Work task: Begin the copy at the line containing "smpclrc2.dll file is" in the data below and end it at the line containing "Comprehensive Alarm Systems", keeping each line exact and leaving out pictures.

Records supplied:

+ + +

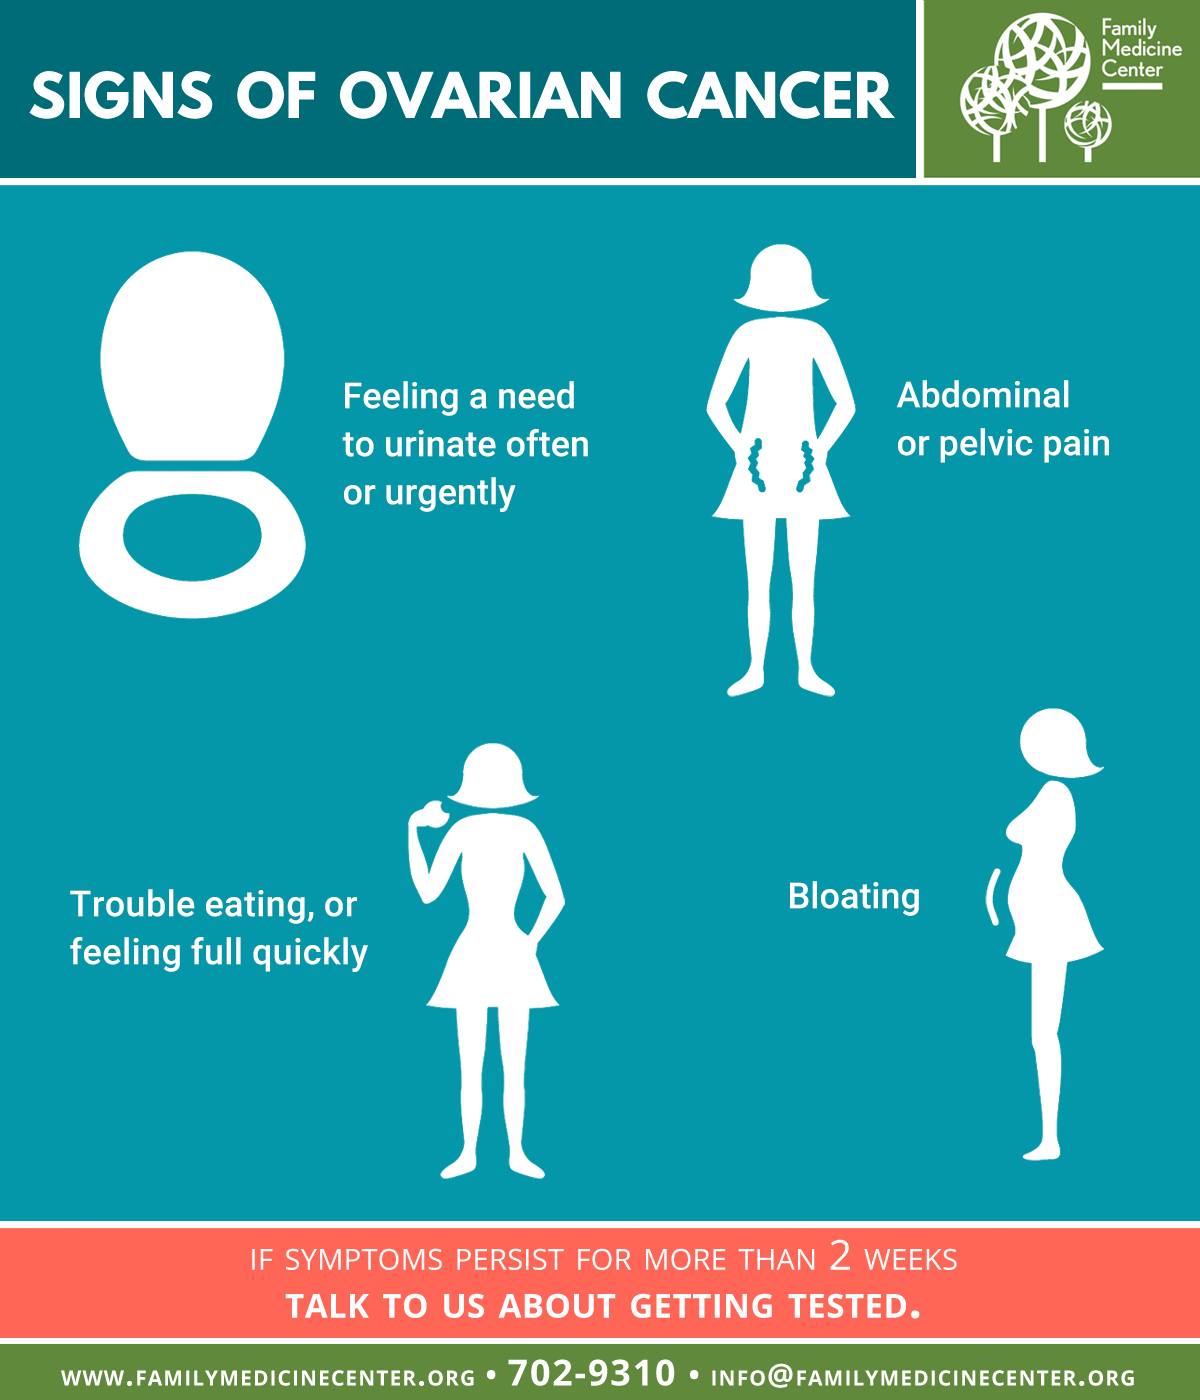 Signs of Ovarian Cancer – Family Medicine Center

+ + +

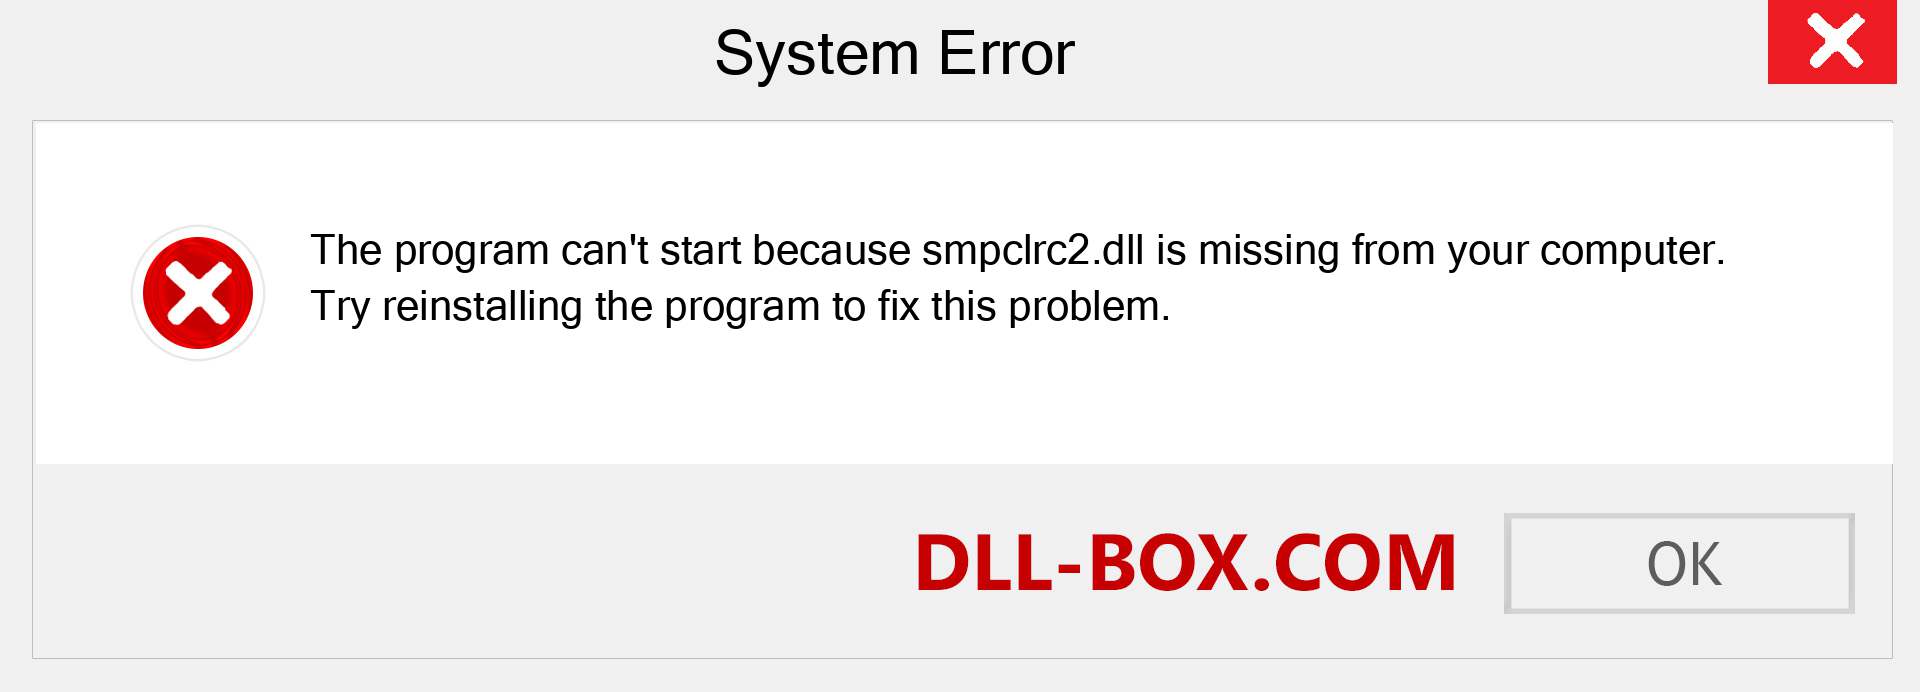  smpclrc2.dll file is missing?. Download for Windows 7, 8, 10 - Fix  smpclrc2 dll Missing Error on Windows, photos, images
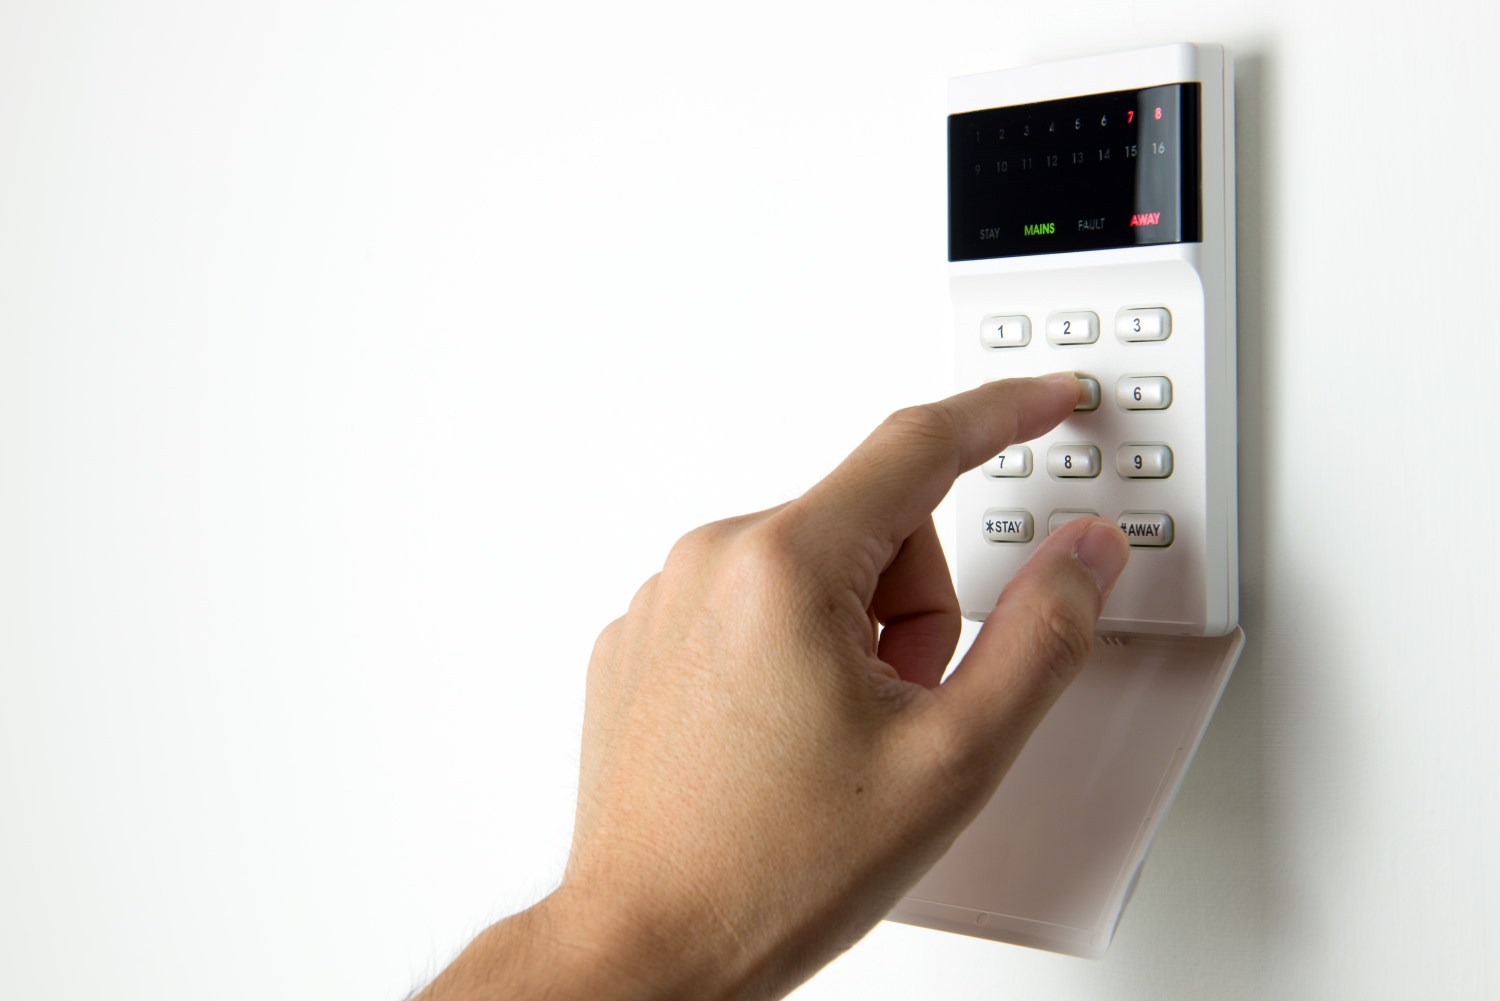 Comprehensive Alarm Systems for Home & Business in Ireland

+ + +

Output below:
  smpclrc2.dll file is missing?. Download for Windows 7, 8, 10 - Fix  smpclrc2 dll Missing Error on Windows, photos, images
 Comprehensive Alarm Systems for Home & Business in Ireland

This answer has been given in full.